In South Africa and in many other countries in Africa and around the globe, the demand for more Doctor of Philosophy (PhD) candidates has increased. With such a demand, a number of challenges also arise. In the discipline of Theology, these challenges are becoming apparent in Old and New Testament Studies, where these fields are experiencing a declining number of students enrolling for biblical languages. This problem is enhanced as the current inherent requirement to study for a PhD in Old Testament is that one must have a knowledge of Biblical Hebrew (and Aramaic), and for New Testament, one needs Greek at an advanced level. Supervisors are challenged more and more to defend these requirements that are complicated by the developmental goals of institutions that require that the number of PhD candidates be increased. In this article, the challenges faced by PhD supervisors (and candidates) in respect of students wanting to enrol for PhDs in Old and New Testament without the necessary requirements are considered, and a case is made as to why it is essential that these students have a background in biblical languages. If students do not take the biblical languages as part of their (undergraduate) studies, immediate concerns for the future of Old and New Testament research and biblical translations (and ministry) are raised. The article concludes with possible suggestions for addressing some of these concerns.

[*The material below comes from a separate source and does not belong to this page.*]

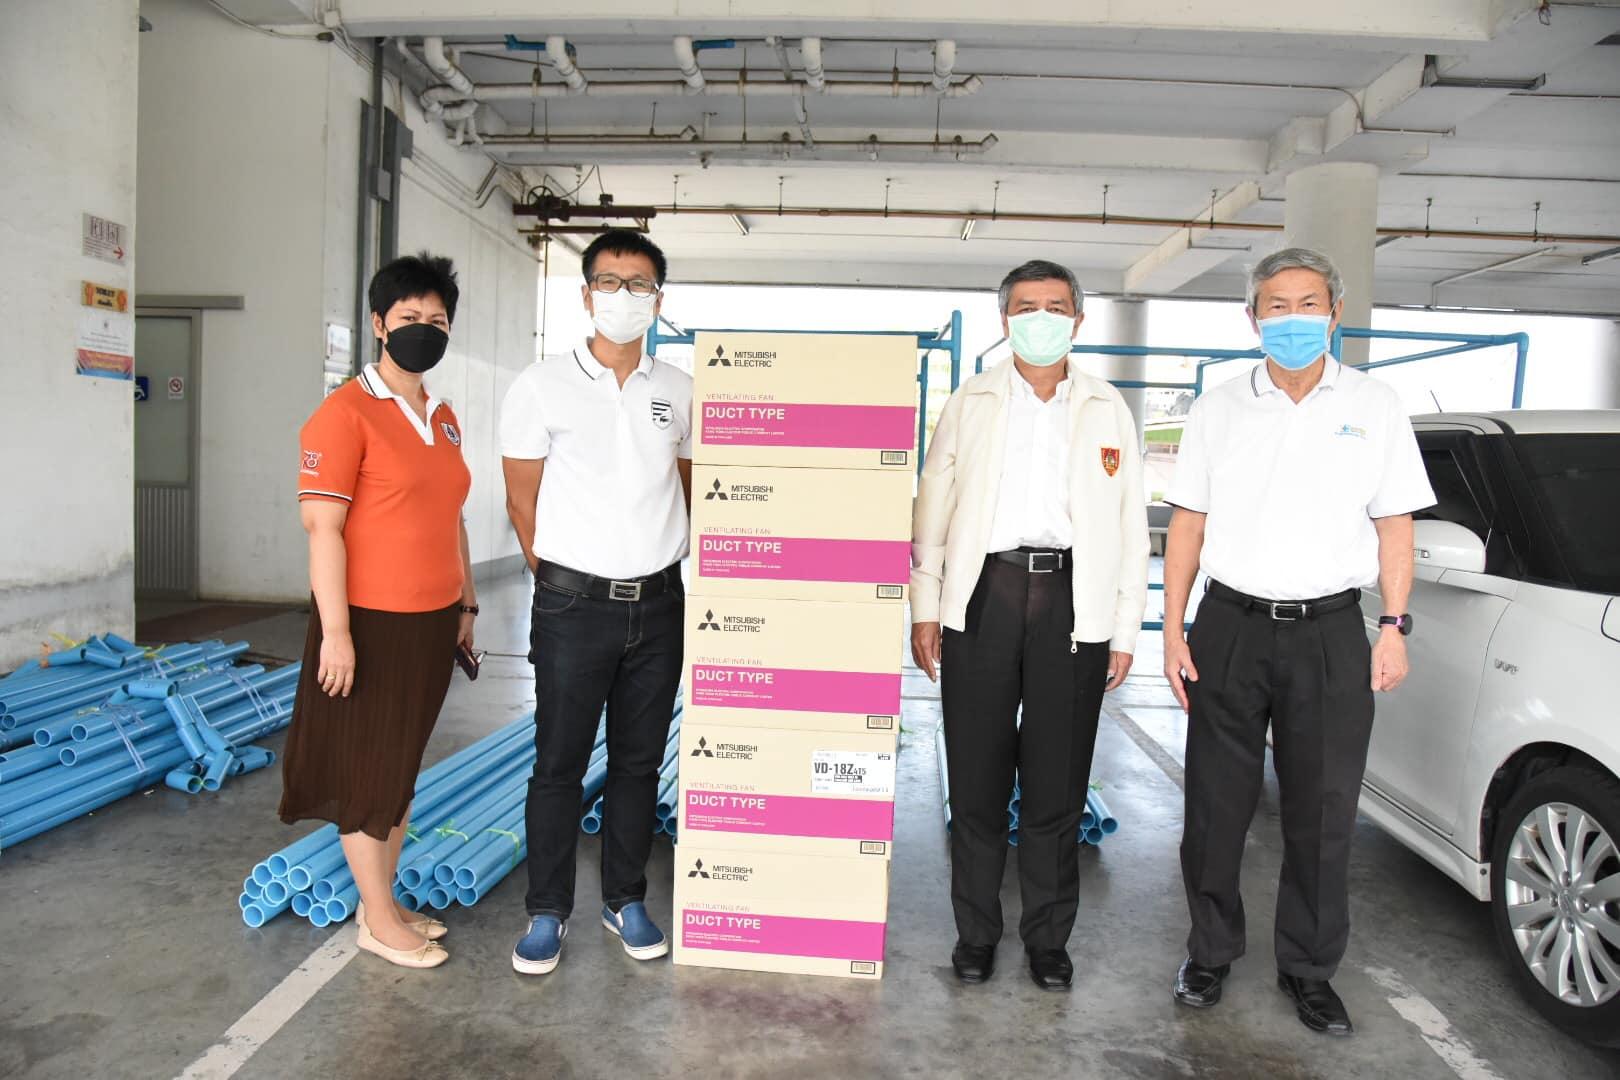 วิศวกรรมสถานแห่งประเทศไทยฯ (วสท.) รับมอบ พัดลม และท่อพีวีซี จำนวน 5 ชุด จากนายสุทธิเวช นุชศิลา วิศวกรอาสา และกลุ่มเพื่อน เพื่อประกอบตู้ความดันลบ มอบแก่โรงพยาบาลที่ต้องการ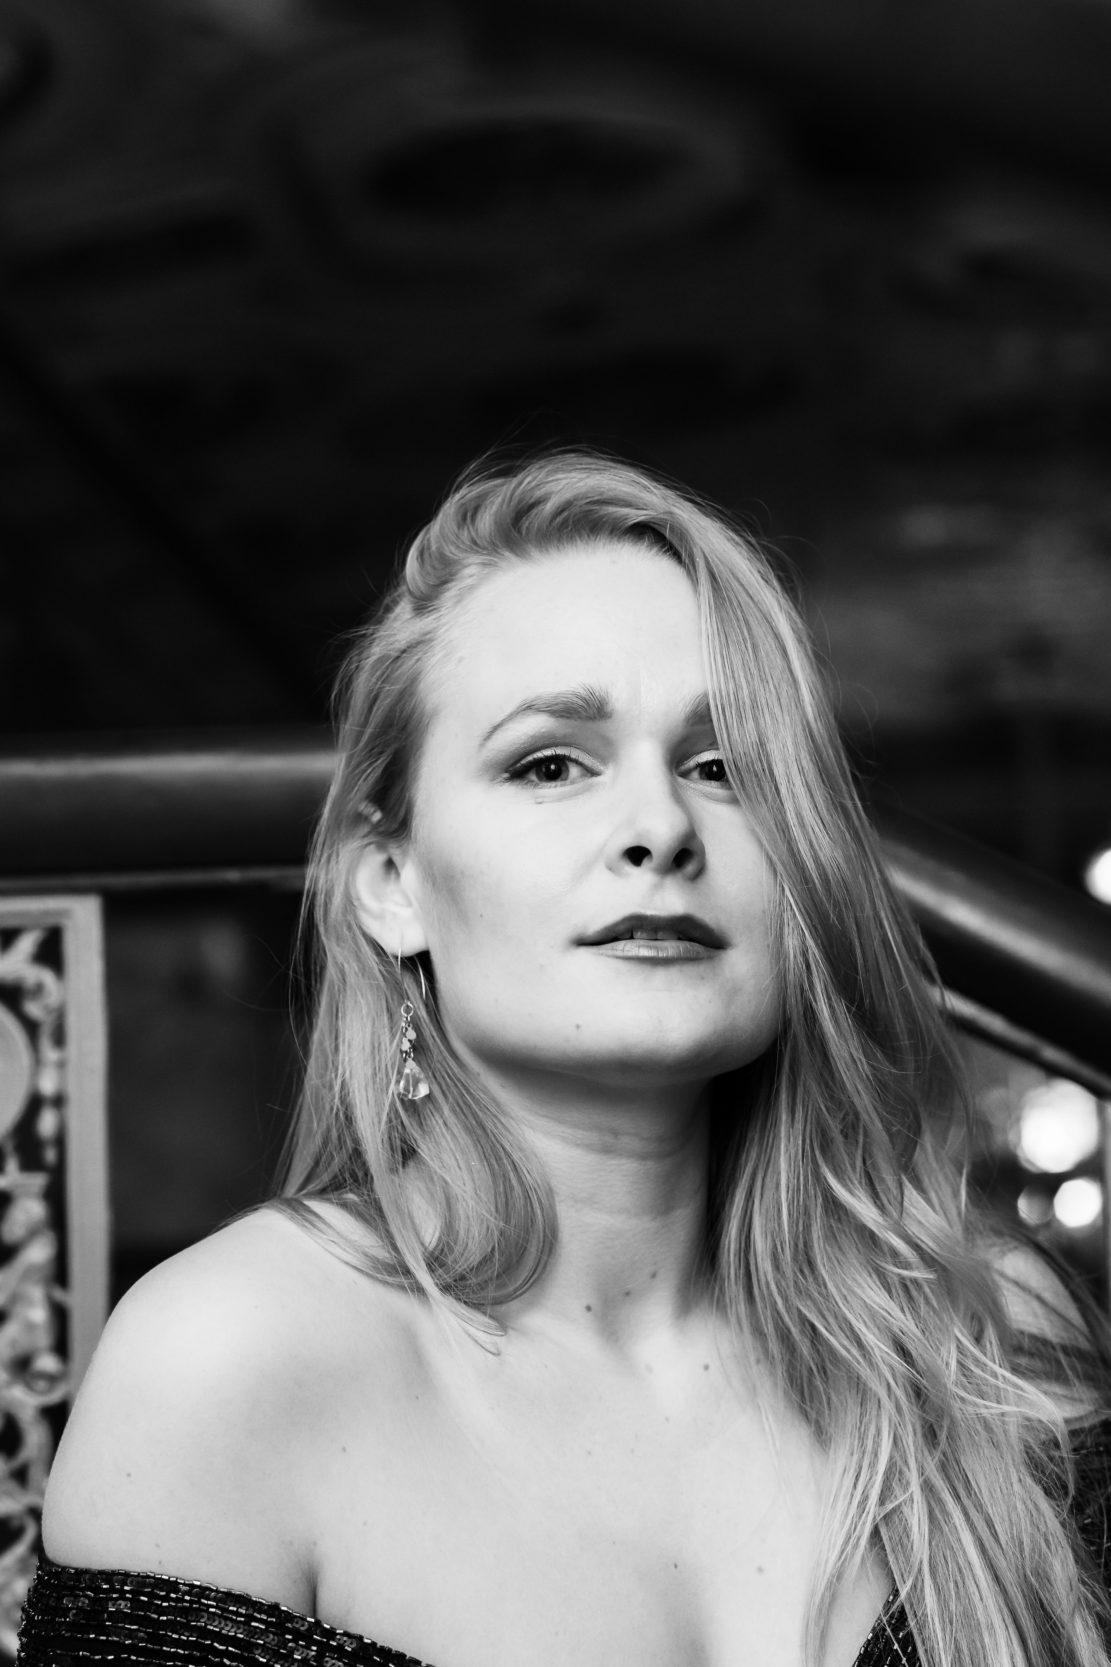 Siena_Licht_Miller_Opera_Singer_arlene_schnitzer_020

Contribution: This article makes an interdisciplinary contribution based on current challenges experienced in the education and supervision of postgraduate studies in the fields of Old Testament and New Testament and on the development and training of postgraduate supervisors in practical education as to contribute to the relevance and practice of theological education today and the future.


Keywords

Old and New Testament Supervision; doctoral supervision; Biblical Hebrew and Greek; teaching and learning; postgraduate studies.